High-performance TDC-only TPX3 neutron imaging data processor

These details have not been verified by PyPI

Project links

Project description

TDCSophiread

High-performance Python and C++ library for processing TPX3 neutron imaging data with 96M+ hits/sec throughput. TDCSophiread provides complete hit extraction and neutron clustering capabilities using TDC-only timing (detector-expert approved).

🚀 Key Features

🏃 High Performance: 96M+ hits/sec with Intel TBB parallel processing
🧠 Smart Clustering: 4 algorithms (ABS, Graph, DBSCAN, Grid) for neutron event reconstruction
⚡ Zero-Copy Processing: Memory-efficient temporal batching with structured numpy arrays
🔍 TDC-Only Timing: Detector-expert-approved approach (no unreliable GDC)
🐍 Python Integration: Complete Python API with Jupyter notebook examples
📊 Production Ready: Real-world performance validated on 12GB datasets

Quick Start

Installation

# Clone repository
git clone https://github.com/ornlneutronimaging/mcpevent2hist.git
cd mcpevent2hist/sophiread

# Set up environment (pixi recommended)
pixi install

# Build and install
pixi run dev-install

Note: if you prefer to do build in a staged manner, you can issue the following commands:

# configure with CMake
pixi run configure
# build with CMake
pixi run build
# run tests with CMake
pixi run test
# install Python bindings
pixi run pip install -e . --no-build-isolation

Get Sample Data (12GB)

# Make sure you have git lfs installed, then run:
git lfs install
# Initialize the git submodule
git submodule init
# Download real TPX3 datasets for testing
git submodule update --init resources/sophiread_data

Python Usage

import tdcsophiread

# 1. Extract hits from TPX3 file
hits = tdcsophiread.process_tpx3("data.tpx3", parallel=True)
print(f"Extracted {len(hits):,} hits")

# 2. Process hits to neutrons using clustering
neutrons = tdcsophiread.process_hits_to_neutrons(hits)
print(f"Found {len(neutrons):,} neutrons")

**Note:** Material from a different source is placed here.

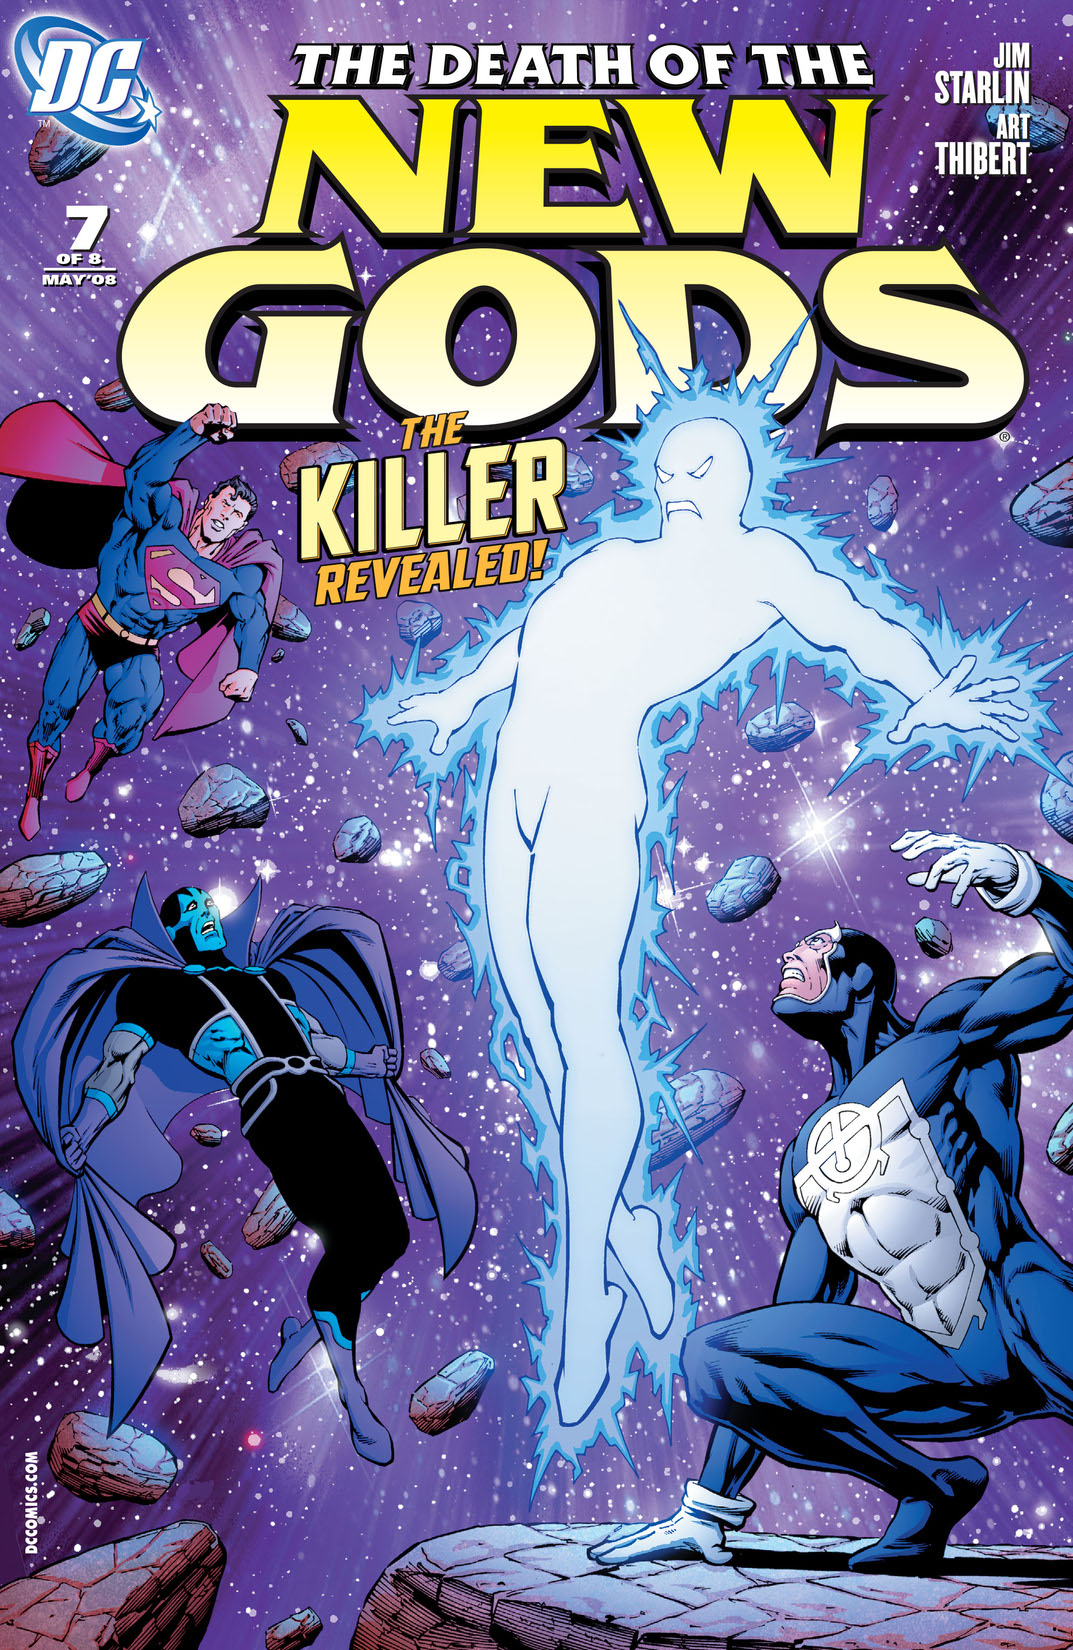 Death of the New Gods #7 preview images

# 3. Try different clustering algorithms
config = tdcsophiread.NeutronProcessingConfig.venus_defaults()
config.clustering.algorithm = "dbscan"  # or "abs", "graph", "grid"
neutrons = tdcsophiread.process_hits_to_neutrons(hits, config)

Performance Monitoring

# Get detailed performance statistics
config = tdcsophiread.NeutronProcessingConfig.venus_defaults()
processor = tdcsophiread.TemporalNeutronProcessor(config)
neutrons = processor.processHits(hits)

stats = processor.getStatistics()
print(f"Hit rate: {stats.hits_per_second/1e6:.1f} M hits/sec")
print(f"Neutron efficiency: {stats.neutron_efficiency:.3f}")
print(f"Parallel efficiency: {stats.parallel_efficiency:.2f}")

🧬 Architecture

TDCSophiread implements a modern, high-performance pipeline with parallel temporal processing:

flowchart TD
    A[TPX3 Raw Data] --> B[TDCProcessor]
    B --> |Memory-mapped I/O<br/>Section-aware processing| C[std::vector&lt;TDCHit&gt;<br/>Temporally ordered hits]

    C --> D[TemporalNeutronProcessor]

    subgraph TemporalNeutronProcessor
        direction TB
        E[Phase 1: Statistical Analysis<br/>• Analyze hit distribution<br/>• Calculate optimal batch sizes<br/>• Determine overlaps]

        E --> F[Phase 2: Parallel Worker Pool]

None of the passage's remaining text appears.